OPINION by Managing Editor Alex Bennett
Yellow Jackets were treated to the preaching of Zachary Humphrey on Oct. 10, but his message was not one the campus community was interested in hearing.
Humphrey used his pulpit to spew what many students considered to be hate speech, going as far as to point out individual Yellow Jackets calling them derogatory names. When asked, he would not provide students with the name of the Church or group he represented.
Instead of preaching a message of compassion he instead openly insulted students. Yellow Jacket Nation quickly flew into STING mode, resulting in a large crowd of rotating participants openly mocking and insulting the so-called preacher while he attempted to speak his version of the gospel.
Students responded to much of the speech with a “show” me where in the bible you read that,” trying to start a discussion with the “street preacher”. Instead Humphrey continued his rhetoric, dismissing the questions.
While none of us want him to speak in this manner on our campus, we all need to realize the importance of his right to speak whatever he wants. This by no means makes his speech acceptable or anything that needs to be taken seriously, but if you have a message you want to convey you deserve the same opportunity that was afforded to Humphrey.

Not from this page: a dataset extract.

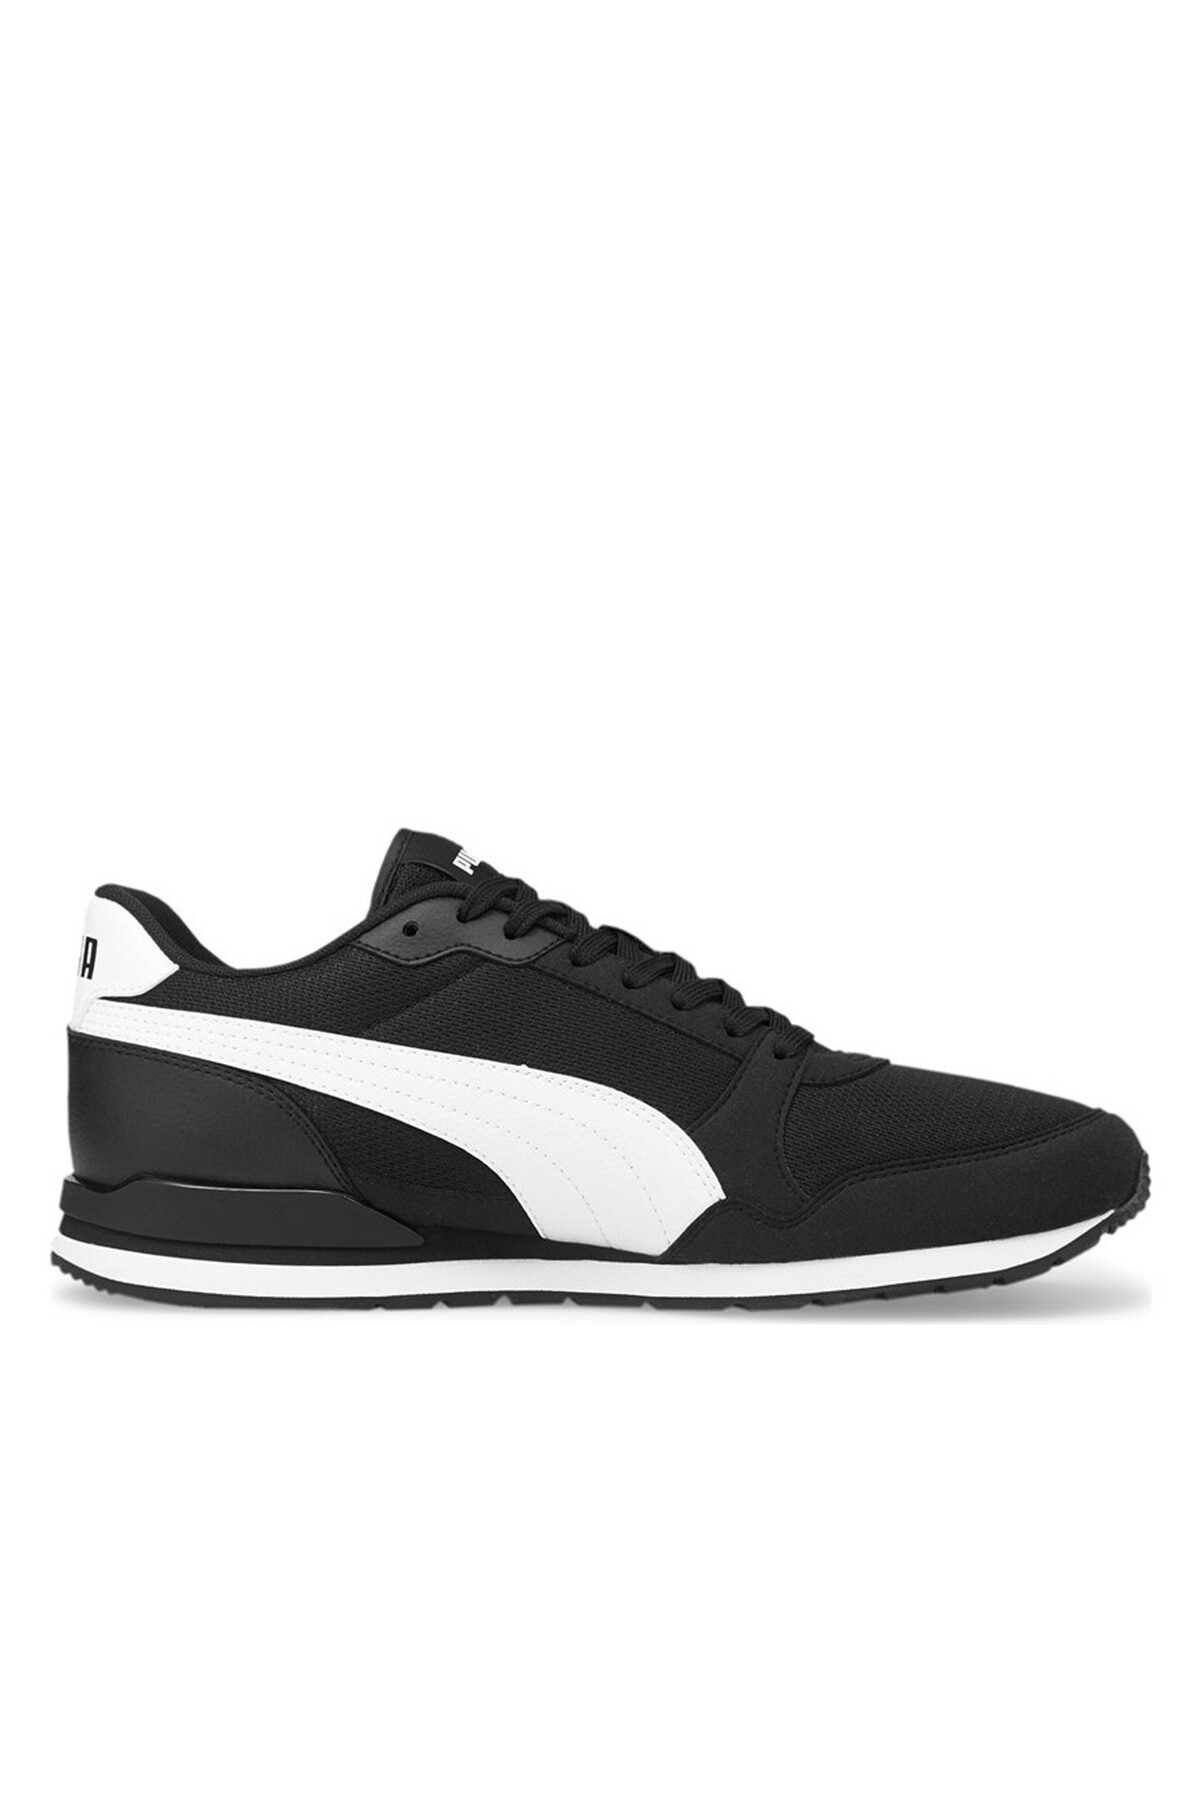 Puma - Puma ST Runner v3 Mesh Unisex Sneaker Ayakkabı Siyah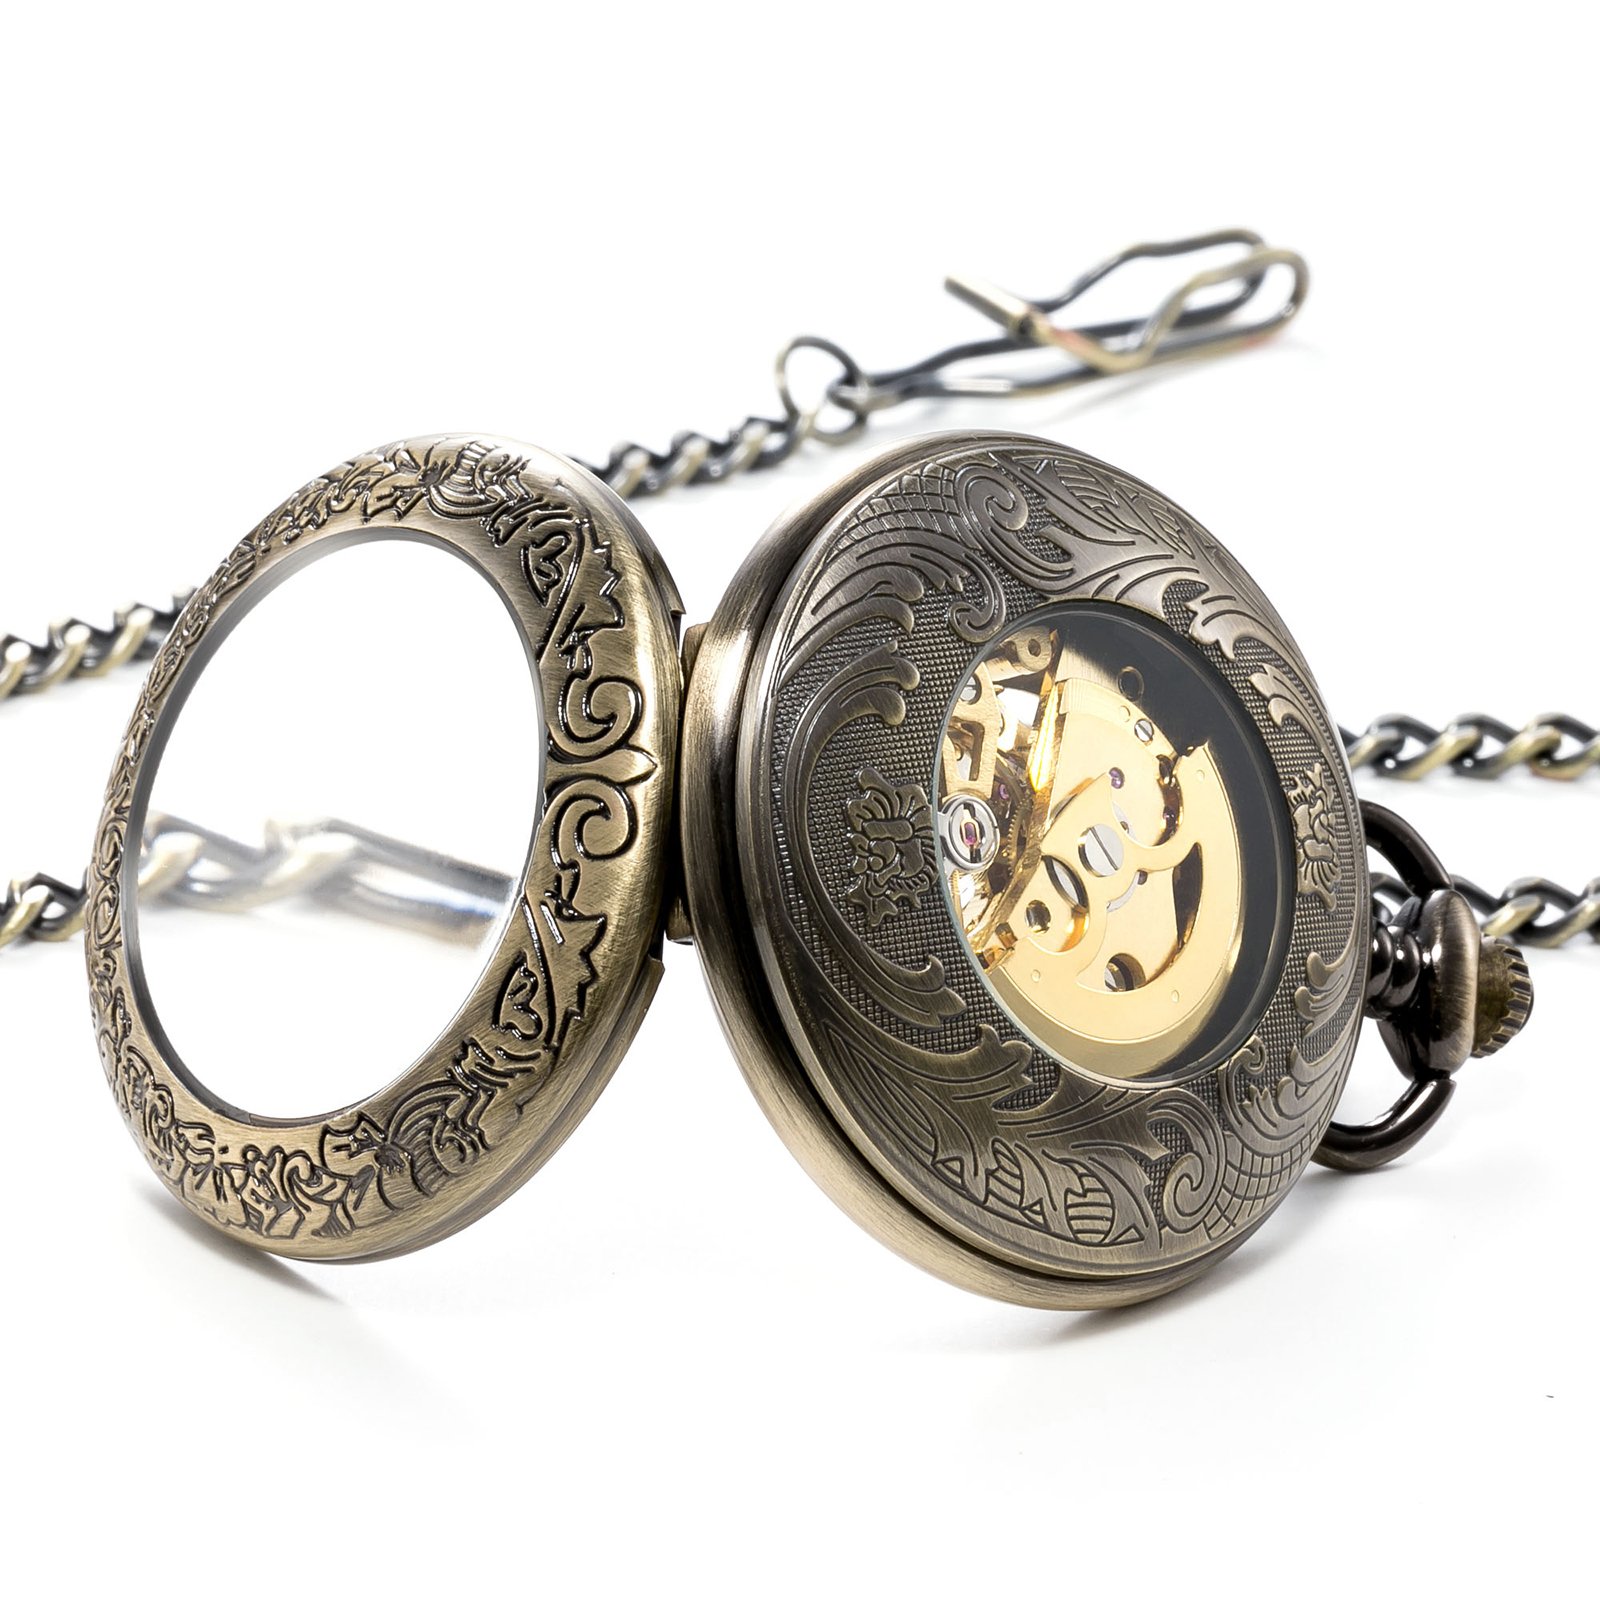 TREEWETO Automatic Mechanical Pocket Watch Magnifier Case Steampunk Skeleton Roman Numerals Dial for Men Women Bronze

While we all disagreed with his message he was able to get it out to the crowd, regardless if they wanted to hear it or not. The First Amendment gives us the right to speak any speech including hate speech and Humphrey was able to use that right to preach to us that day.
Zachary Humphrey is an interesting man who has traveled to a number of campuses to preach to students who he believes are sinners. On his Facebook, he has videos from Marshall, WVU, Shawnee State, and now WVSU where he has preached against gay students. The interesting thing is that his church has a website which states his mission and purpose of his ministries but it seems like he is the only member of his church. A church is a collection of people, and Humphrey appears lhe is the only member of Public Proclamation Ministries.
It has no base of operation or a house of worship to congregate, both necessary to call an organization a church.
The only redeeming factor in Humphrey’s visit to campus was the opportunity for the campus community to unify against what we viewed as an outside threat. It gave students a chance to band together and stand up for each other. That shows we care about one another even if we rarely say it aloud.